Clement’s Letter to the Corinthians, the nearest writing to the inspired books of the New Testament, says: “Those who present their offerings at the appointed times are blessed; for inasmuch as they follow the laws of the Lord they sin not.” (See page 14.) The context clearly shows that he has in mind the laws governing the offerings to the priests and Levites. The Teaching speaks of “giving according to the commandment,” which must mean the Levitical commandment, or one similar to it. Justin Martyr first says that they put what they “have into a common stock” and later says “they who are well-to-do and willing, give what each thinks fit,” and in both cases seems to intimate that what is contributed is given to the dependent. (See page 16.) His last instance of giving as each one thinks fit, may be a description applicable to those who sought to follow the law of the free-will offering which is laid down in Deut. 16:10, 17, and reaffirmed by the Apostle in I Cor. 16:2. A special contribution to the poor would be made now on the same basis in any of our churches and does not touch the subject of the regular support of the Church. Yet many ministers who ought to know better, insist on saying that this is the New Testament law of giving. It is most decidedly not a New Testament, but an Old Testament law, confirmed by the New Testament, and by common sense apart from any question of Scripture authority.

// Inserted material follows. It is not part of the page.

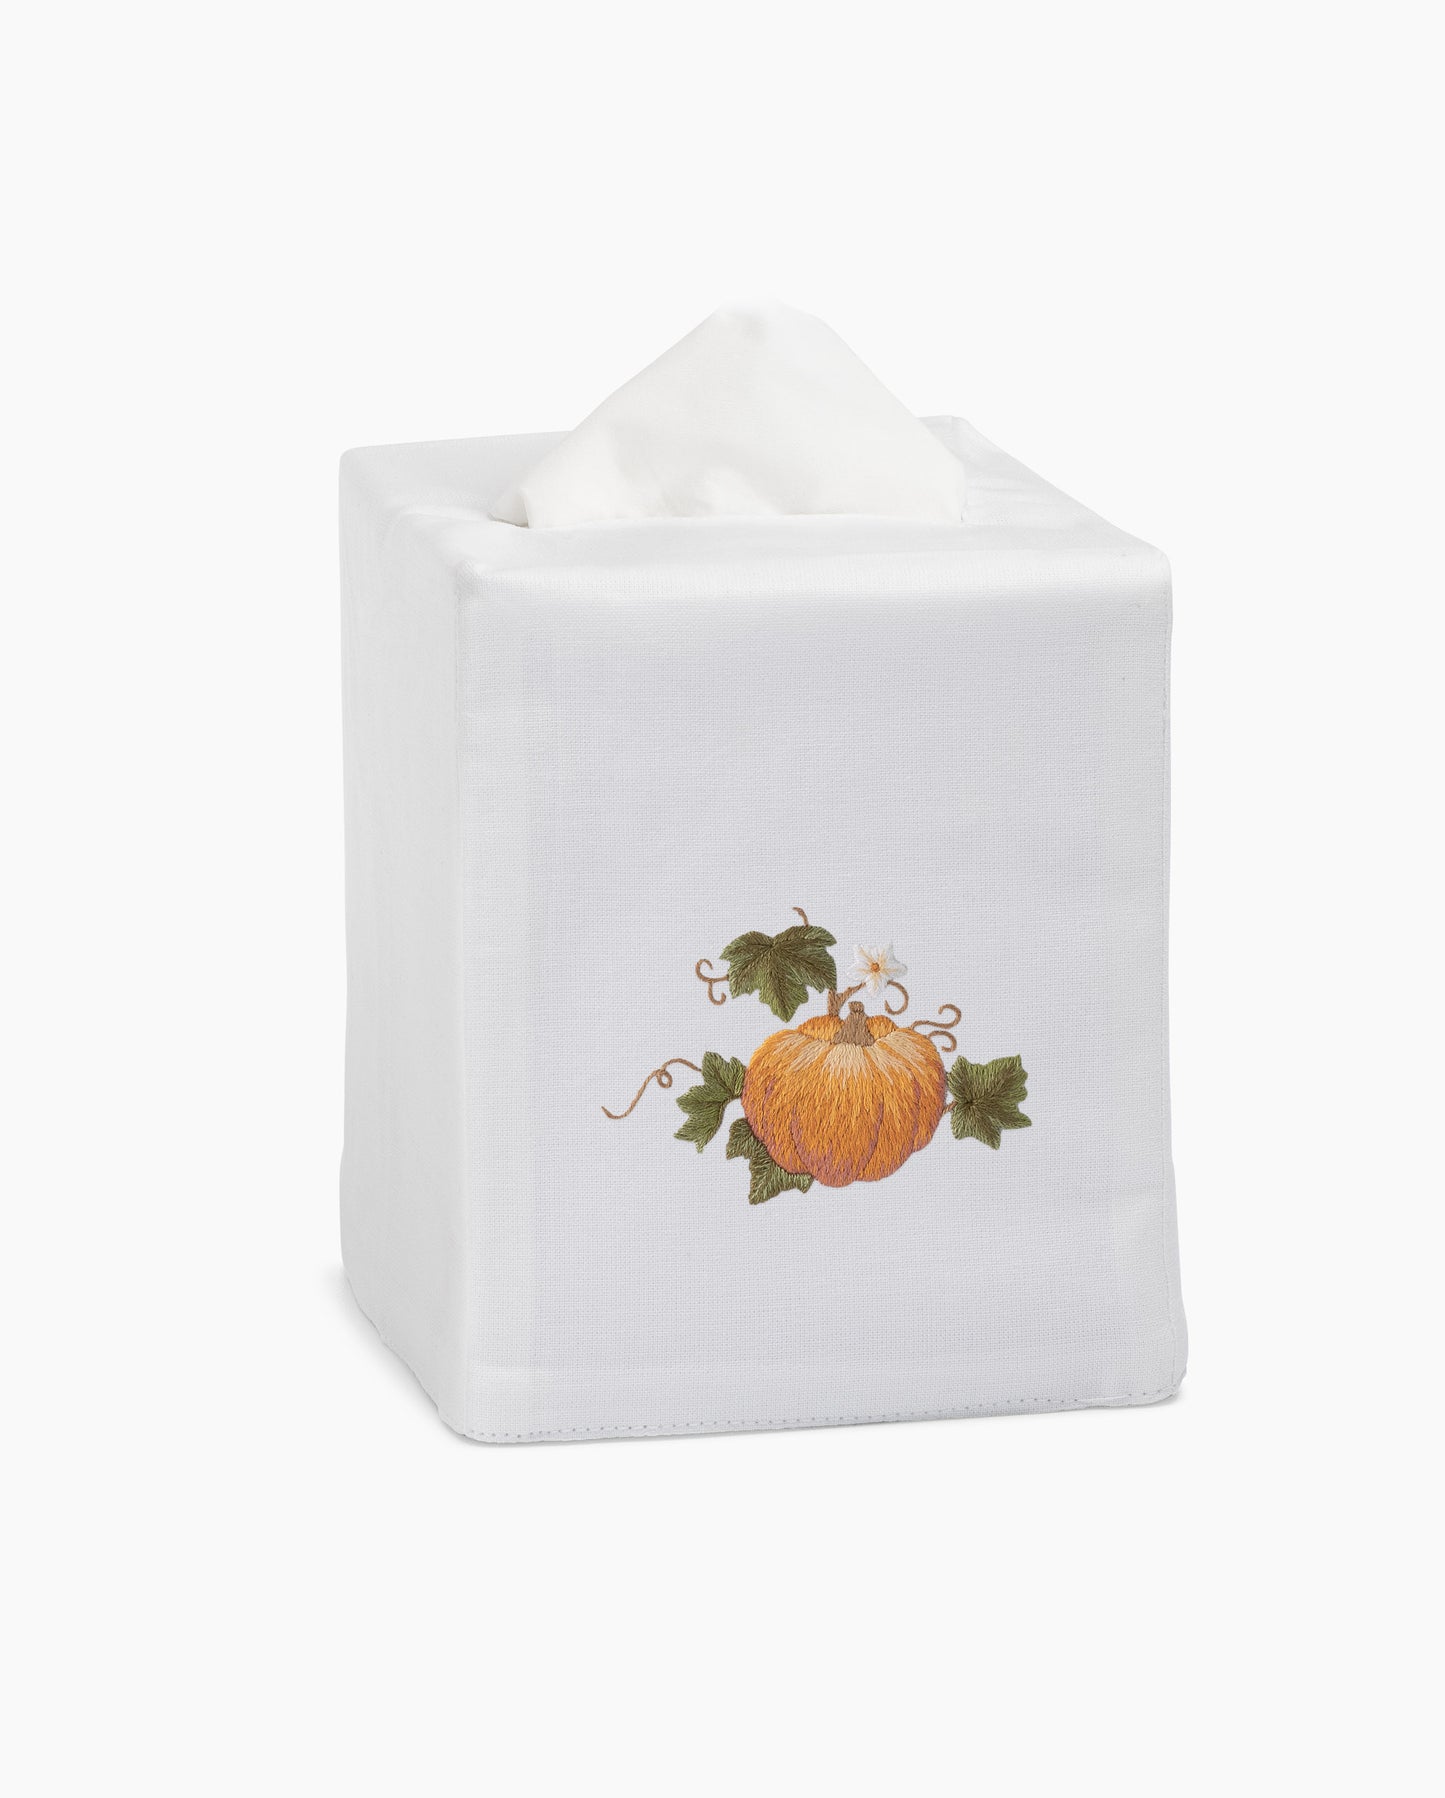 Pumpkins Grande Tissue Box Cover

If Justin meant to affirm that this regulation was in force, well and good. But if he meant to say, as some would have us believe, that the Church had thus early gotten on the basis of every man doing exactly as he pleased, then all we have to say is that from our modern experience with that sort of teaching, we cannot commend his judgment or the practice of the Church of which he was a part, for no such principle, ever had, or ever can have, the sanction of God. Again how this can be reconciled with the statement that they have put all into the common stock is more than I can see. How could men be well-to-do who had sold all and put it into the hands of others? It may be for convenience of his argument that he describes in the first case what some few have done, perhaps himself among the number, and that in the Church service, he is telling of either the observance of the rule of the free-will offering, or else is letting us into a state of anarchy respecting the proper teaching on the subject of giving, which led to the difficulties of the later centuries. The same comment may be made on the statements of Tertullian. It will be noted that he does not tell how the aggressive work of the Church is to be supported, but only of what is secured for what we commonly call charitable purposes.
It may be that the reason we begin to hear of shortcomings in giving as early as in the time of Origen and Cyprian, is that this every-man-do-as-he-thinks-fit teaching is bearing its legitimate fruit and that now there must be some heroic measures taken to offset its fatal influence. From what these witnesses tell us, the Church of the third century was reaping the fruit of some erroneous teaching and practice in respect to the giving of money. From that time on the call is to a recognition of duty, as all the extracts go to show. The gift of the maximum had been made by the few. The many had followed their own will and the result was disastrous to the Church, and we are not surprised that the later writings abound in appeals to the people to meet even the minimum demands of the tithe, if they ever expected to exceed the righteousness of the Scribes and Pharisees.